Angie whirled, glaring at the nymph, who retreated innocently into the shadows of her lower bunk. "Not helping!"

"I was proving your point," said Clio, and though the words were confident, her voice was timid. "That sort of is helping you."

"Can't you just go back to your enchanted forest?" Angie said, pivoting and starting to pace again. It was a narrow strip of floor to walk across, actually; she made it about five steps—to the trashcan by the door—before she had to turn and head back towards the window again. "No one's keeping you here—"

"On the contrary," said Hermes, jumping from the bunk with unmatched grace and landing in front of Angie with not so much as a thud, "I think she should stay."

Angie said nothing, and nor did she need to. She simply rose a dark eyebrow at him and he immediately kicked into his explanation, like a child with his hand caught in the cookie jar.

"The girl can talk to trees," said Hermes, and Angie just narrowed her eyes at him. "I mean, come on. Not only is that totally sick, if she can use it to sense danger like she did back in the forest, then we might...we might kinda-sorta need her."

"Oh, do we?" Angie said, folding her arms across her chest. The old woman's subpar singing suddenly rose in an amateur run, chasing Sinatra's notes. Angie grimaced. "Look, I don't know what your plans are, Hermes, but mine certainly don't include any more random highway stampedes. We don't need a danger radar because I'm not planning to be in danger anymore!"

Clio cleared her throat; Angie and Hermes both turned abruptly to look at her. "I don't think danger is the sort of thing you plan for," she said, one index finger lifted in the air as if she were excusing herself from a church. "At least, not so often as danger is the sort of thing that just finds you."

Hermes's lip curled in delight. "Ooh, very poetic. Are you sure you're not a Muse?"

Clio shook her head, though she was beaming. "Just a common dryad, I'm afraid."

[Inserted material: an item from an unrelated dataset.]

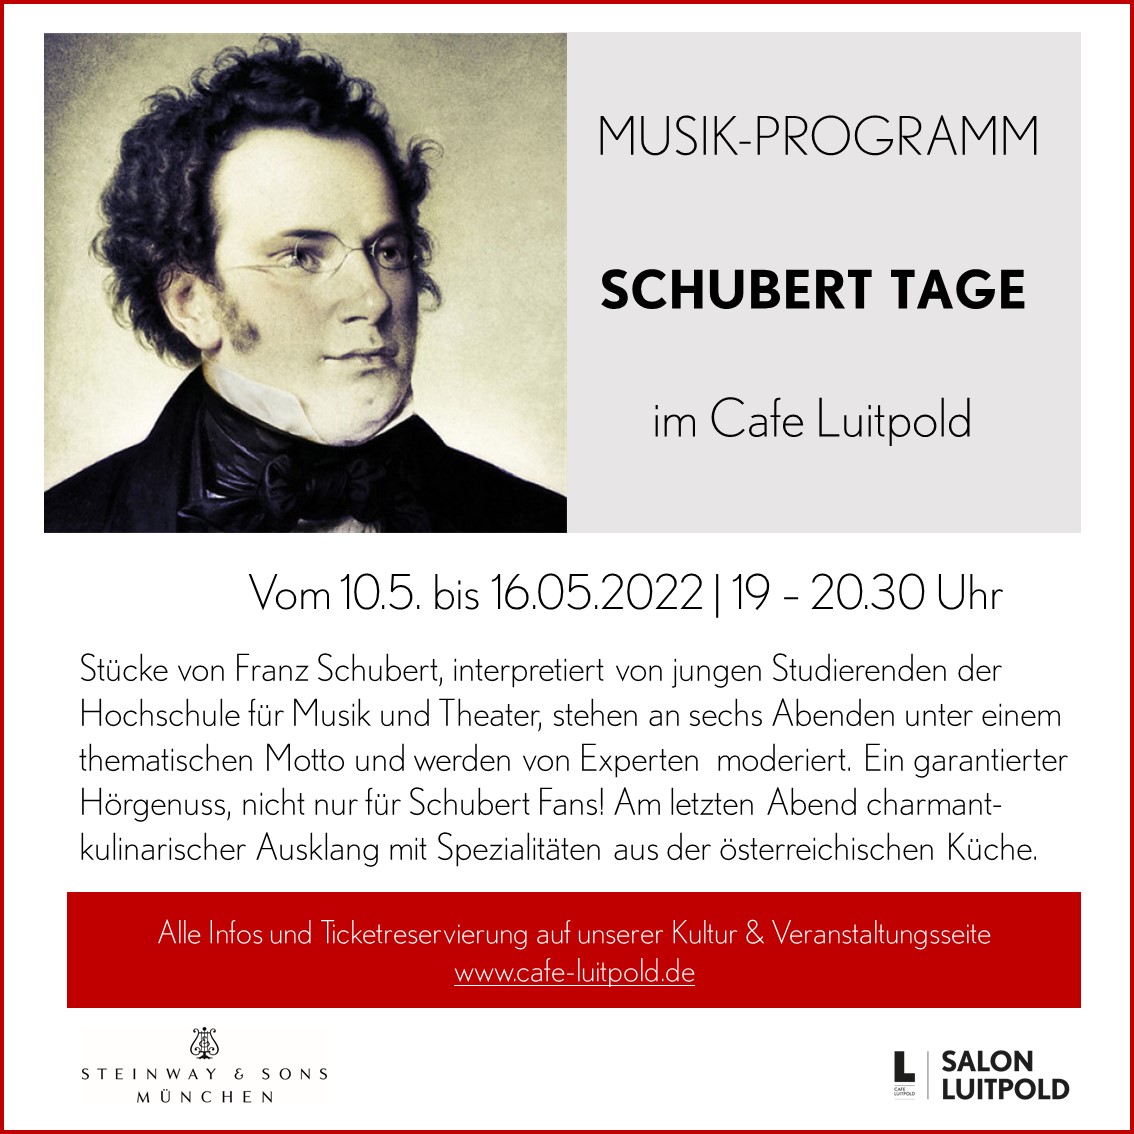 Schubert Tage im Cafe Luitpold

Angie could only look at her smile for a second before her eyes hurt. Instead, she crumpled to the ground, hugging her knees to her chest. The rug beneath her reminded her uncomfortably of grass—soft, fuzzy, vibrant green. She was aware of Hermes's and Clio's eyes on her, pitying, most likely, but she didn't care. She was far from home and June Dolinski was even farther and the Jaguar was totaled and—worst of all, the only company she had in such dire misfortune was a reckless god and a wood nymph.

She felt like screaming, or crying maybe, though she hated crying. The burning in the back of her throat and the heaving of her lungs and the snot, just the snot—she hated it.

"Angie?"

A voice in her ear, a hand on her arm—and she was stunned to find they were both Clio's.

"That's your name, right?"

Angie, glaring at the floor rather than a risking a glimpse up at Clio's rosy face, nodded her head.